Another argument in favor of this behavior (not exiting sdb on command failure) is when there are no bugs in sdb or the commands, but the command code is mismatched with the target. This could happen due to misconfiguration (e.g. running new sdb on an older crash dump), or because the command code hasn't been updated to reflect changes in the kernel (e.g. data structure changed, like #66). In both cases, "something isn't right", but it isn't an issue of being more careful when writing sdb or commands.

FWIW, mdb handled this pretty well. You'd generally get an error message like, could not find member avl_numnodes of type zfs_btree_t* and then the dcmd would exit. (You didn't get the "debug with self?" prompt.)

Nov 20 '19 16:11 ahrens

Filed https://github.com/delphix/sdb/issues/87 and https://github.com/delphix/sdb/issues/88

Nov 20 '19 17:11 sdimitro

Yea, for #66 we should probably be catching the AttributeError exception in some common place, so that we don't have to have the handling for that scattered across all commands. I also think it'd be better if drgn was to throw a drgn-specific exception when that occurs; then we could tailor the handling of the exception to be specific to that issue (e.g. not emit a stack trace, etc.).

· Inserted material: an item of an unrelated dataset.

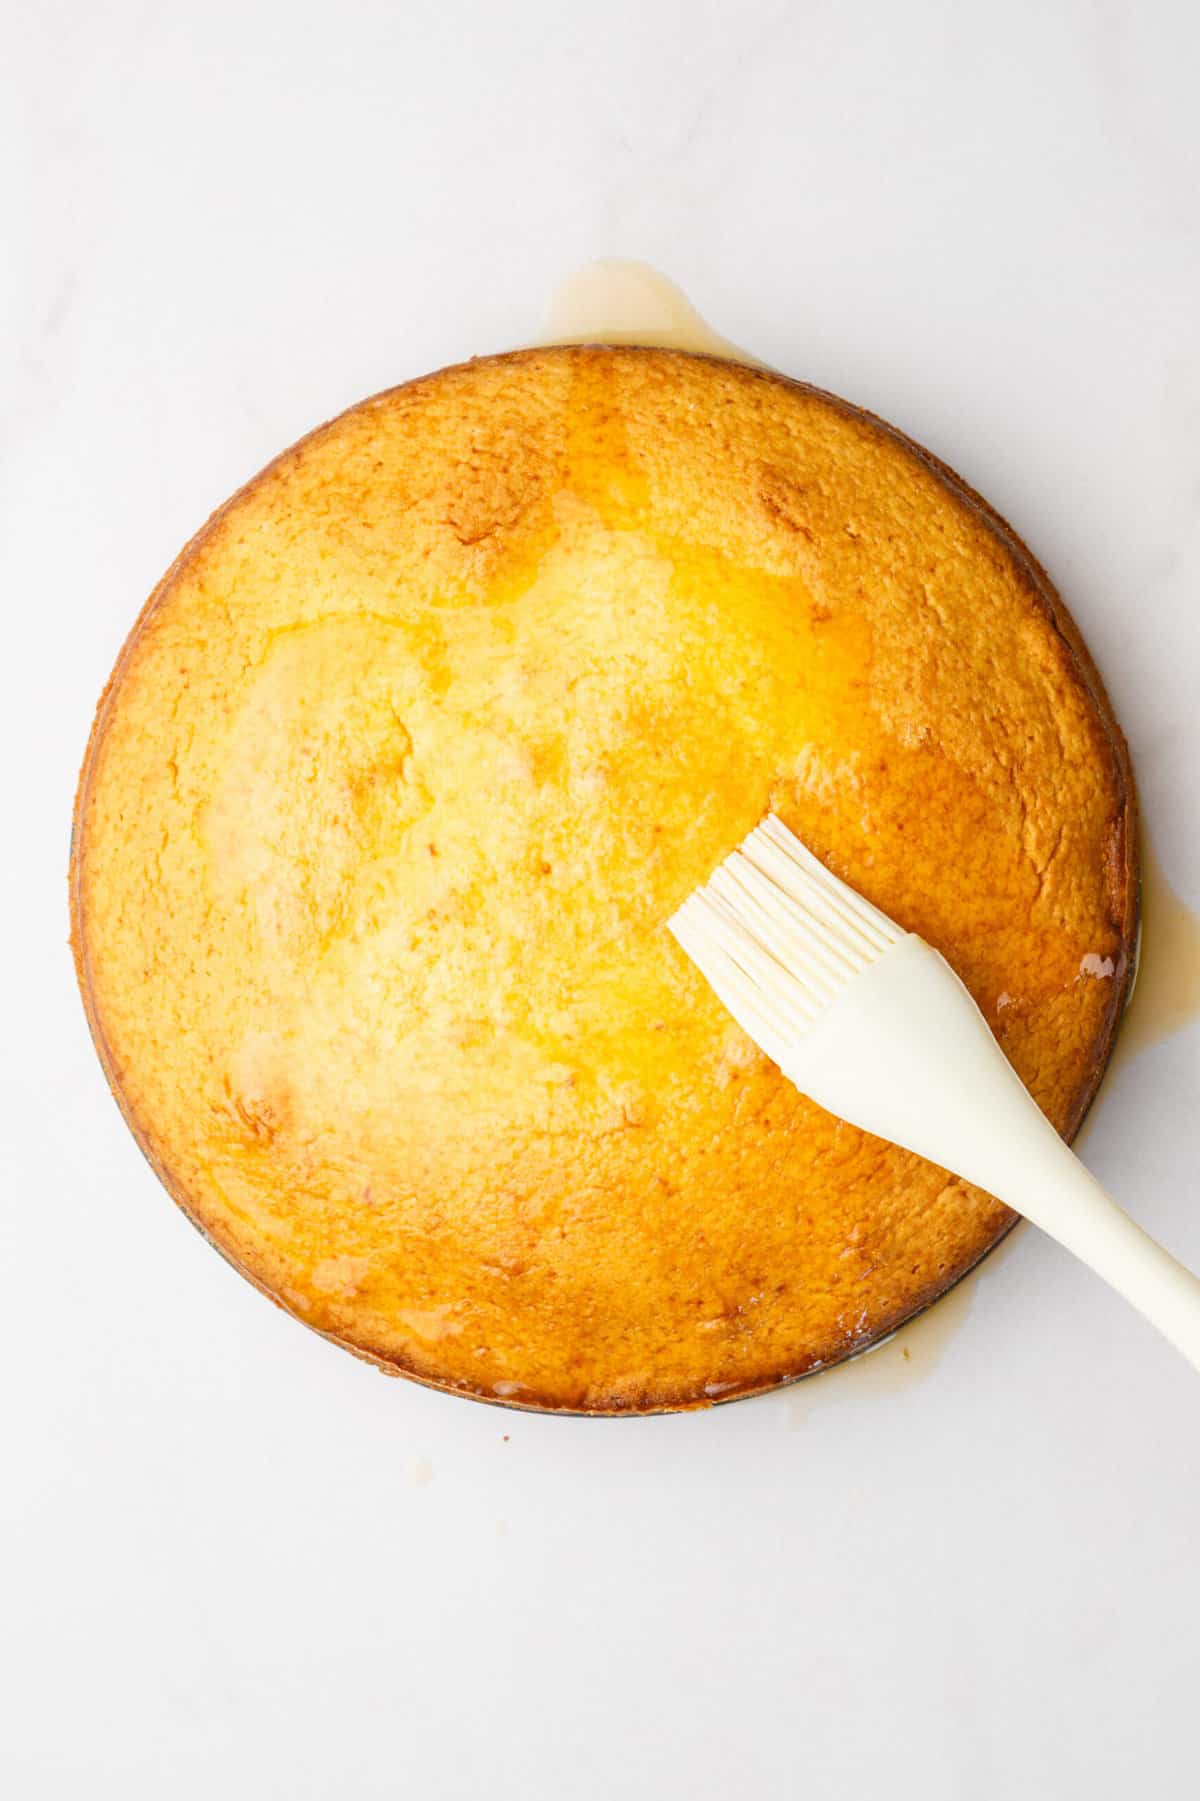 step 6 to make orange cake, use a kitchen brush to drench the orange glaze over the baked orange cake

Nov 20 '19 17:11 prakashsurya

Yea, for #66 we should probably be catching the AttributeError exception in some common place, so that we don't have to have the handling for that scattered across all commands. I also think it'd be better if drgn was to throw a drgn-specific exception when that occurs; then we could tailor the handling of the exception to be specific to that issue (e.g. not emit a stack trace, etc.).

I agree, we can try and do this ourselves but drgn probably needs to solve the same problem so it could be nice doing it once in drgn and have sdb consume it. I'll add this on the agenda for the upcoming meeting - we can also ping Omar on slack if we want feedback sooner

Nov 20 '19 17:11 sdimitro